Will Layman of PopMatters observed: "Kudos to Blue Note president Bruce Lundvall for getting Ambrose Akinmusire and his band into the studio. And kudos to pianist Jason Moran for not only suggesting this but also producing the recording (and playing Rhodes, subtly and beautifully, on a couple of tracks). When the Heart Emerges Glistening is a gem. It’s a jazz record to rave about and to push on your friends. It’s the product of a talent that should send shivers up every jazz fan’s spine. Ambrose Akinmusire has been holding back, finding his voice, developing his band, and now he is here in full bloom. Spring has arrived.
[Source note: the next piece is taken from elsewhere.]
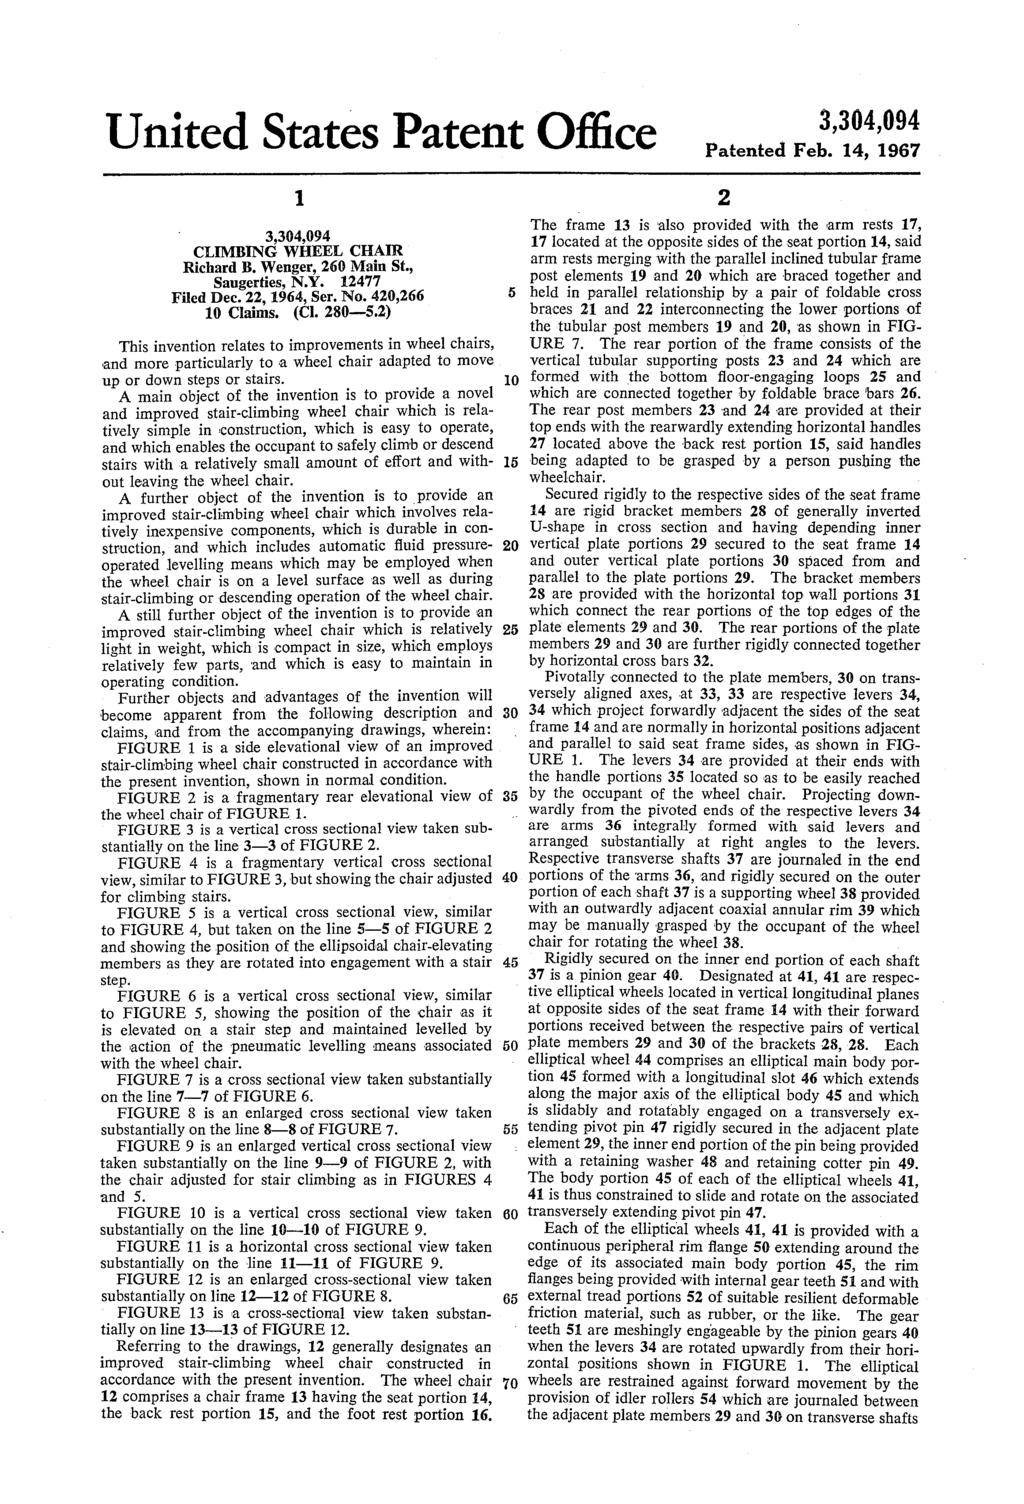 United States Patent Office Patented Feb. 14, 1967 1. CLIMBING WHEEL CHAIR Richard B. Wenger, 260 Main St., Saugerties, N.Y. 12477 Filed Dec. 22, 1964, Ser. No. 420,266 10 Claims. (Cl. 280-.

You can feel it in your bones, and now you can hear it with your ears."

==Track listing==

| No. | Title | Writer(s) | Length |
|---|---|---|---|
| 1. | "Confessions to My Unborn Daughter" | Akinmusire | 8:35 |
| 2. | "Jaya" | Harish Raghavan | 5:27 |
| 3. | "Henya Bass Intro" | Akinmusire | 0:48 |
| 4. | "Henya" | Akinmusire | 5:21 |
| 5. | "Far But Few Between" | Akinmusire | 1:56 |
| 6. | "With Love" | Akinmusire | 6:52 |
| 7. | "Regret (No More)" | Akinmusire | 4:36 |
| 8. | "Ayneh (Cora)" | Akinmusire | 1:09 |
| 9. | "My Name Is Oscar" | Akinmusire | 3:49 |
| 10. | "The Walls of Lechuguilla" | Akinmusire | 5:29 |
| 11. | "What's New?" | Johnny Burke, Bob Haggart | 3:04 |
| 12. | "Tear Stained Suicide Manifesto" | Akinmusire | 4:55 |
| 13. | "Ayneh (Campbell)" | Akinmusire | 1:36 |
| Total length: |  |  | 53:37 |

==Personnel==
- Ambrose Akinmusire – trumpet (tracks: 1 2 4 5 6 7 10 11 12 13), celesta (track: 8), voice (track: 9), producer
- Walter Smith III – tenor saxophone (tracks: 1 2 4 6 10 12)
- Gerald Clayton – piano (tracks: 1 2 4 6 7 8 10 11 13)
- Jason Moran – producer, concert grand piano (tracks: 4 12)
- Harish Raghavan – bass (tracks: 1 2 3 4 5 6 10 12)
- Justin Brown – drums (tracks: 1 2 4 5 6 9 10 12)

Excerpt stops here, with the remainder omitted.